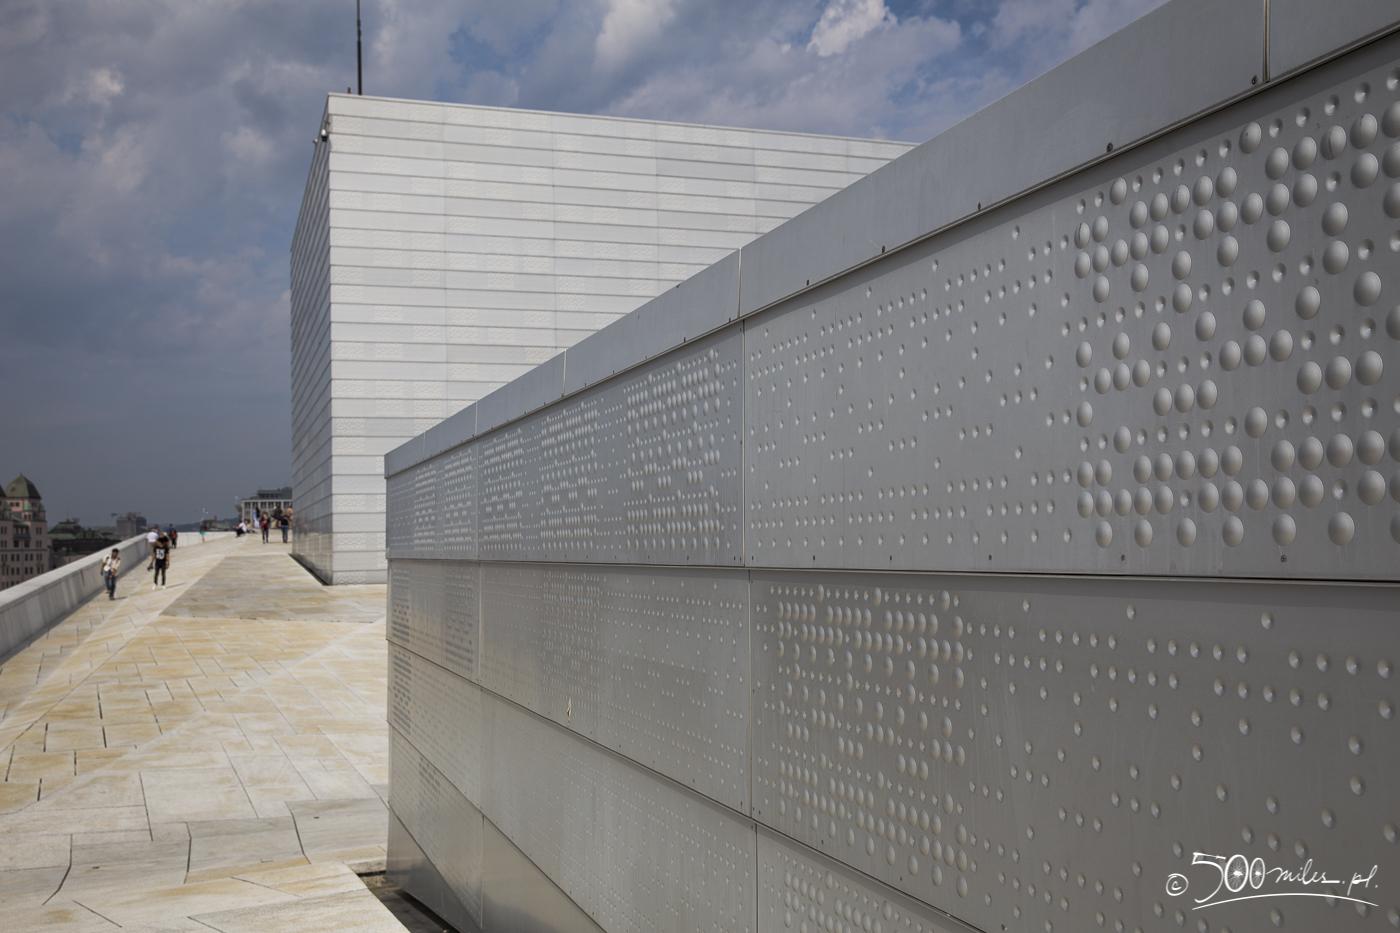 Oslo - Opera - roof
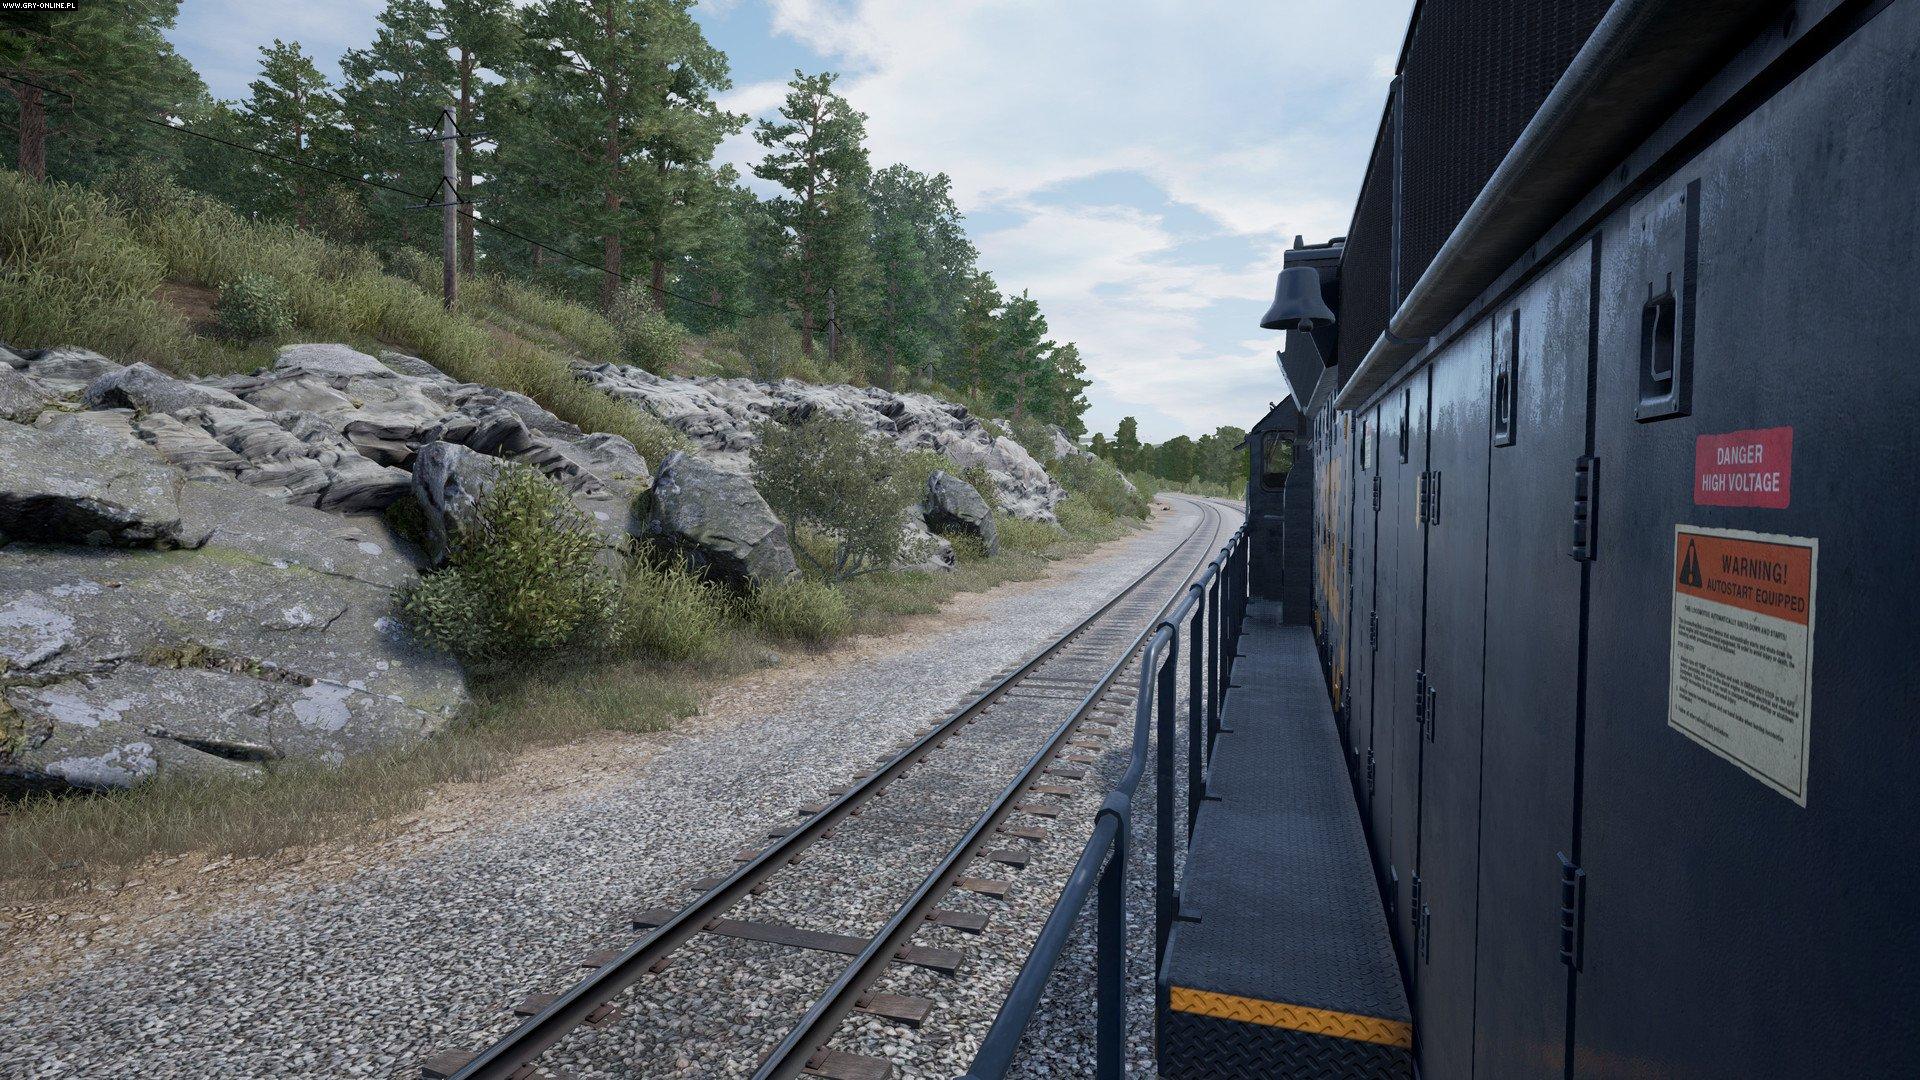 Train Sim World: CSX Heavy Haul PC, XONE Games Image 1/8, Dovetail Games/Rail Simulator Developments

====

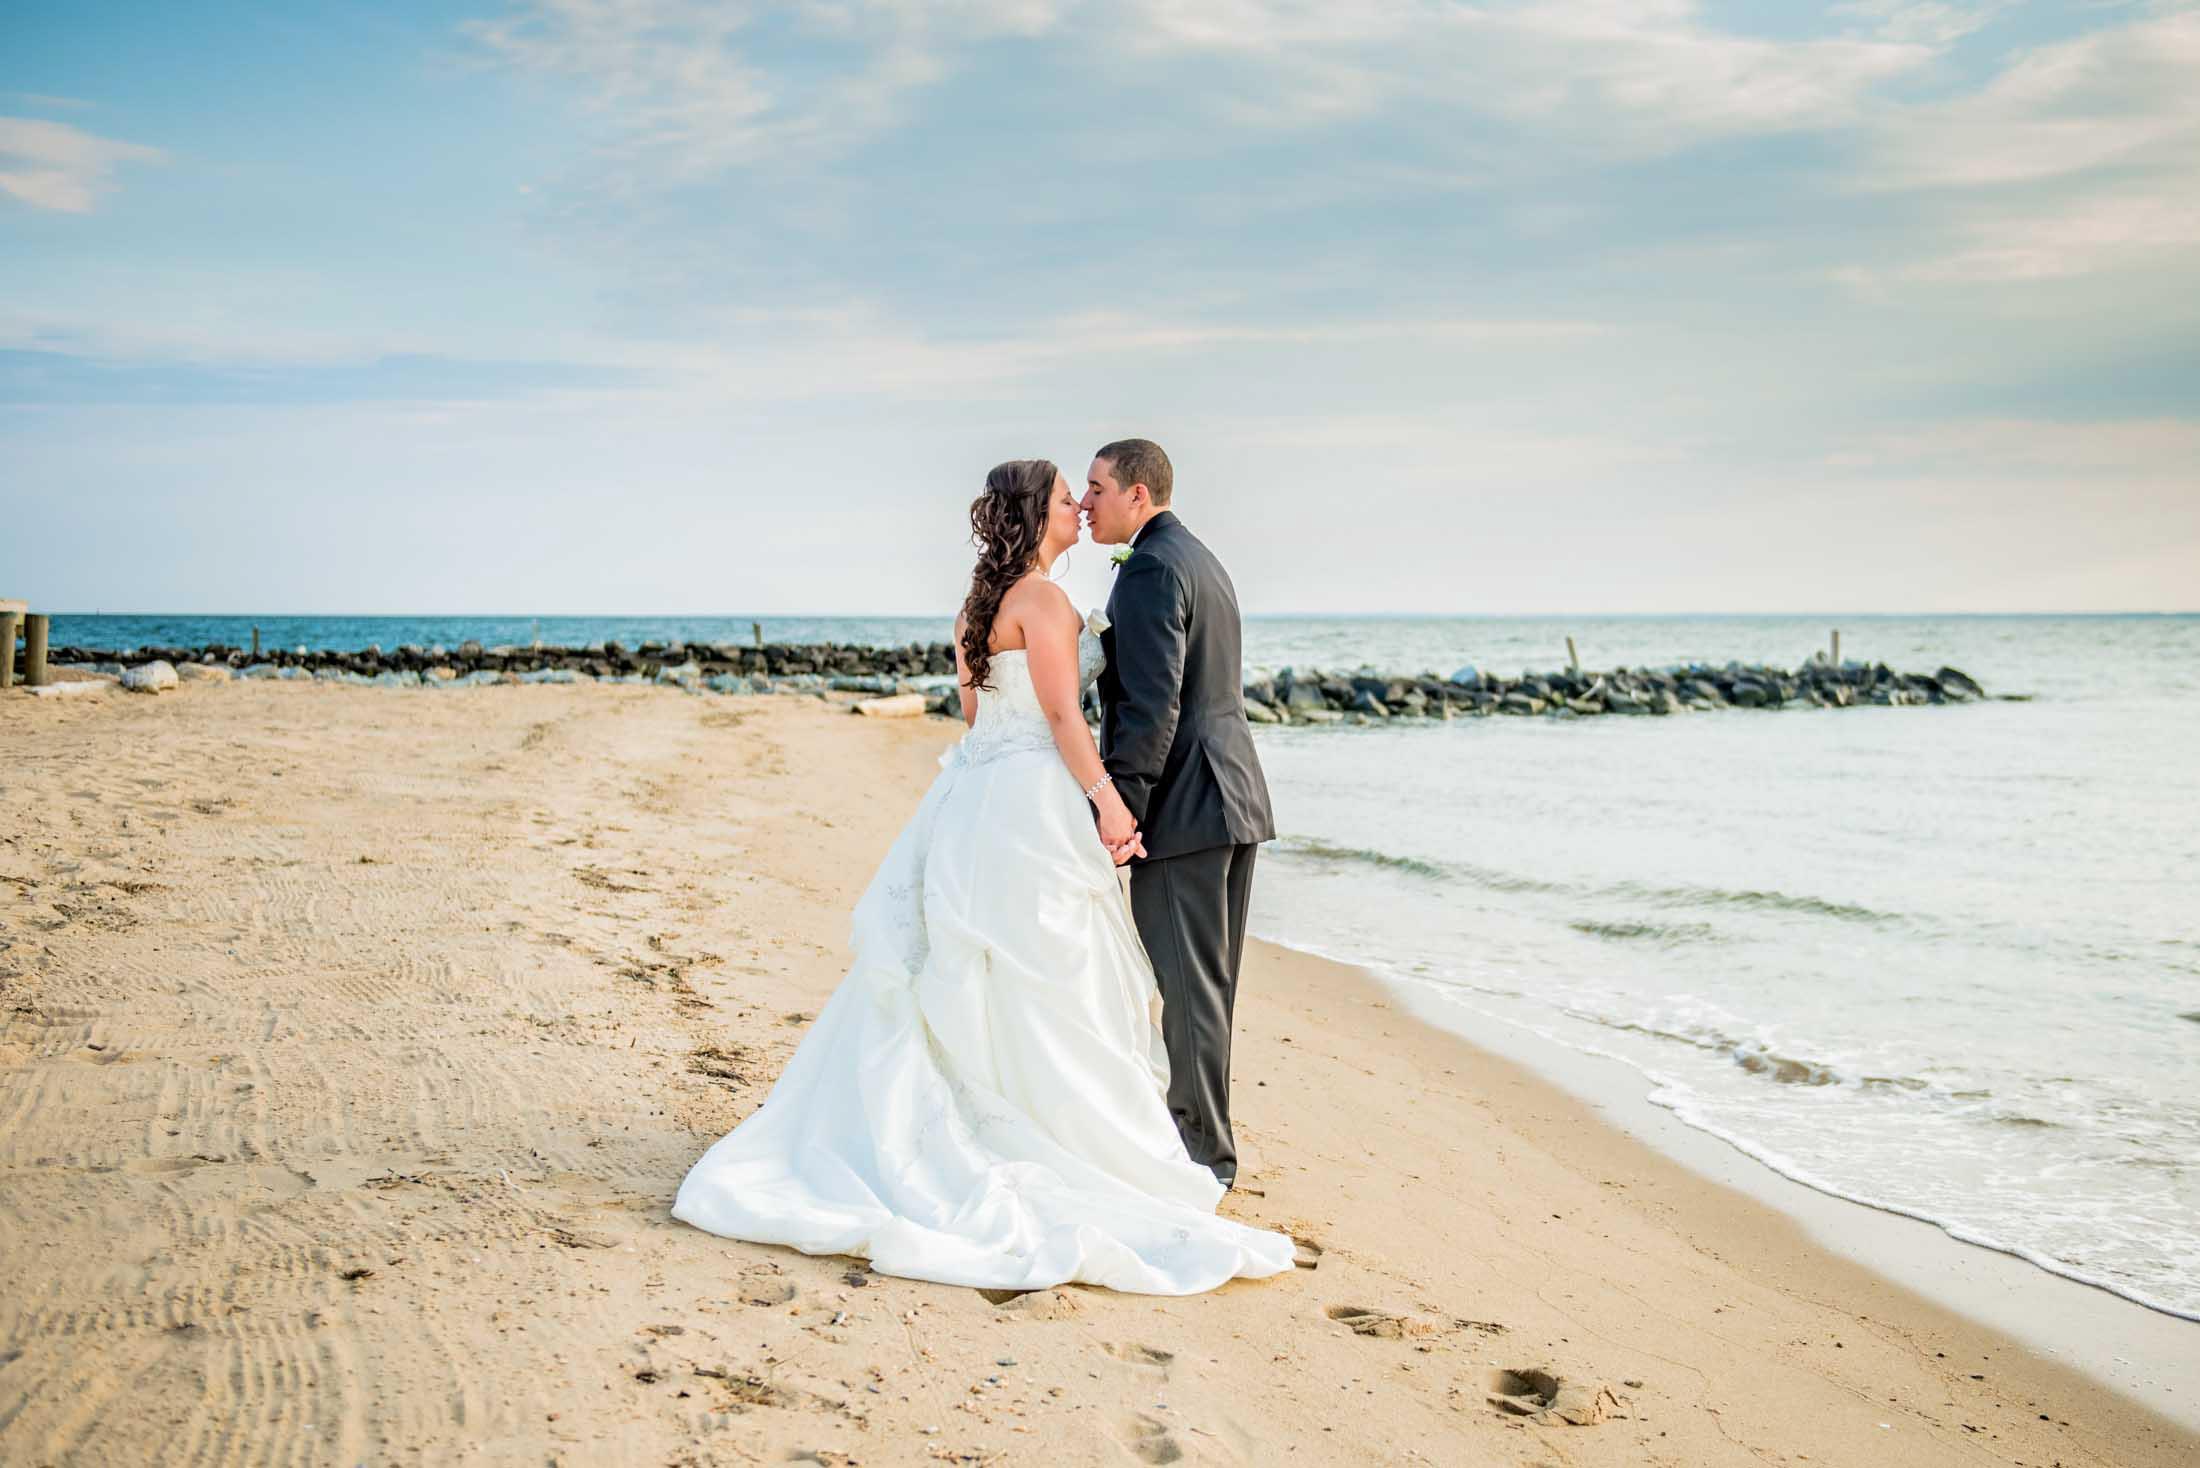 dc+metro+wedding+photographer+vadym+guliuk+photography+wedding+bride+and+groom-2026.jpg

====

## What you should do
The answer is those lines of the material above that run from the one containing "Oslo - Opera - roof" up to and including the one containing "Train Sim World: CSX", restated exactly and without images.

## Your response
 Oslo - Opera - roof
 Train Sim World: CSX Heavy Haul PC, XONE Games Image 1/8, Dovetail Games/Rail Simulator Developments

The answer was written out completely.